1. Set up Azure App Service backups and configure them with a geo-redundant storage setting.
2. Test backups by restoring them to a staging environment at any interval you see fit.
3. And, as always, please don’t forget to document the manual recovery processes for the next person.
4. Test it!

(2) Multi-region deployment (Active-passive or Active-Active)

1. Deploy your Azure App Service web apps in a secondary Azure region (e.g. UK South to UK West).
2. Set up Azure Traffic Manager or Azure Front Door to handle traffic for failover situations.
3. Set up a failover group or active geo-replication for SQL databases to ensure database availability (not covered in this article sorry)
4. Test failover!

(3) Enable backups in a geo-redundant storage account

1. Develop Infrastructure-as-Code that will help you quickly deploy everything to another Azure region if required.
2. Test, and document restoration process timelines and any expected timelines for a manual failover like this

Remember, free or shared tiers might not come with any DR protection features. Making them very unsuitable for production or near-production applications after the DR’s retirement on the 31st of March 2025.

My Personal Recommendation (TL;DR):

1. Small-scale but production workloads: Enable geo-redundant backups to balance simplicity, cost, and DR effectiveness.
2. Critical business workloads: Go for Multi-region deployment (Active-Passive with Azure Traffic Manager or Azure Front Door) if near-zero downtime is a requirement.
3. Moderate workloads with acceptable downtime: Set up Geo-redundant backups and use Infrastructure-as-Code for speedy manual recovery to another region.

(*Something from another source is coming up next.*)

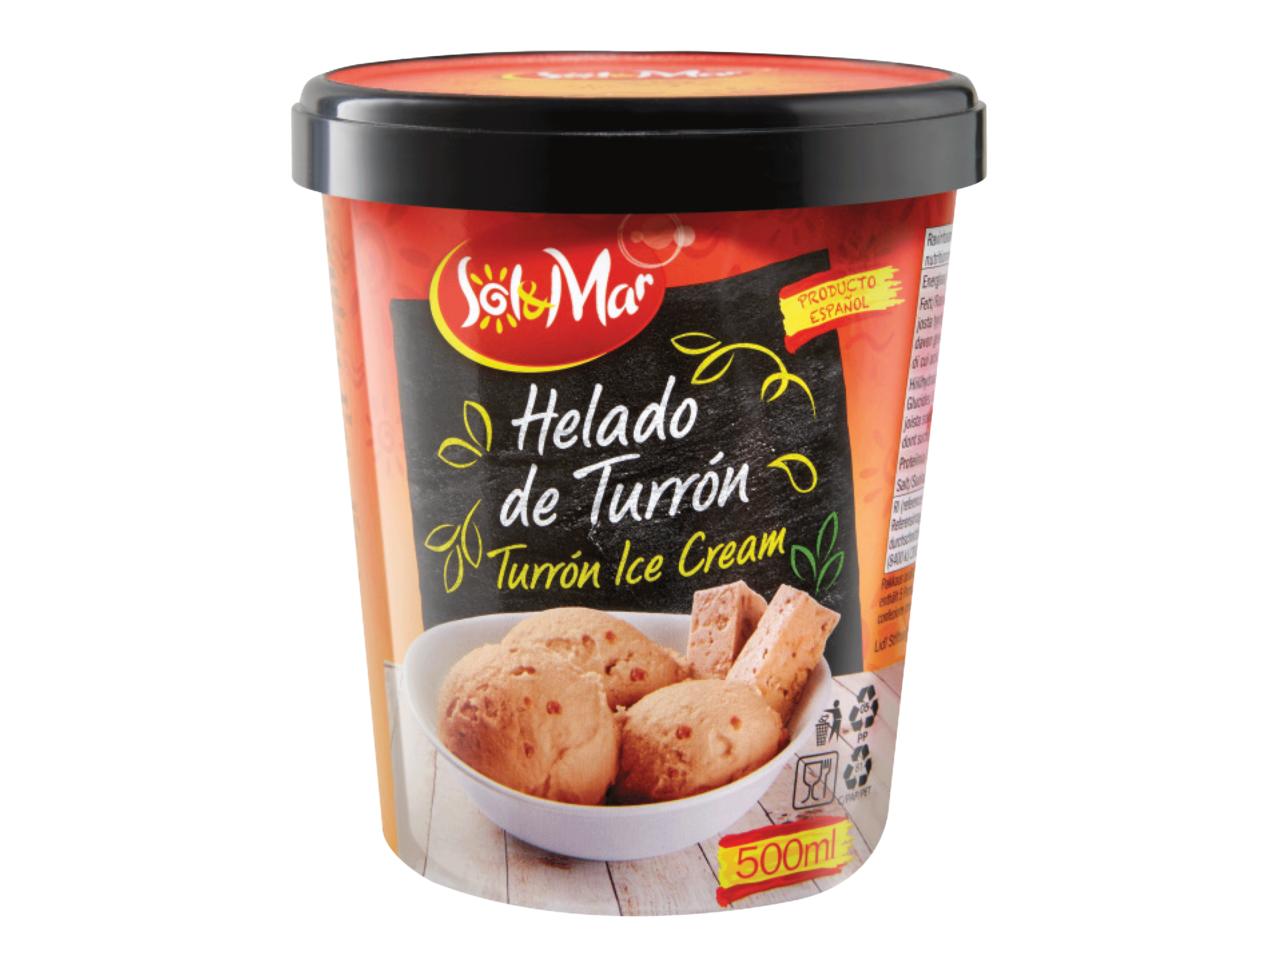 SOL & MAR Turrón Ice Cream

As always, do some tests of your DR setup

So, whatever option and strategy you pick, do some testing and don’t just base it on documentation and theory!

You need to simulate failover — Maybe point your traffic to another region or run a backup restore to see if the web app behaves as expected.

You need to document everything — I’m not just saying it as it’s part of the Solutions Architect role to do but you need to keep instructions and scripts that can be used quickly in a real disaster recovery situation.

You need to do regular tests — Maybe annual, semi-annual or more regular tests to spot any issues, but it all depends on your business requirements / SLAs.

At last, a summary

Microsoft’s method of giving notice might not be the longest. But at least you can now take action based on the upcoming deprecation of the platform-level DR for Azure App Service.

From this, you should’ve learned that the best place to start is auditing your current App Service backup configurations and verifying any storage redundancies.

You’ll have to pick a disaster recovery option that best fits your downtime tolerance and budget.

Microsoft has a best practices guide on setting up Disaster Recovery for Azure App Services.

Test, test test! Fail fast. Get it done.

I hope this proactive approach will support your apps from regional disasters and keep users, stakeholders and yourself happy when something like this occurs.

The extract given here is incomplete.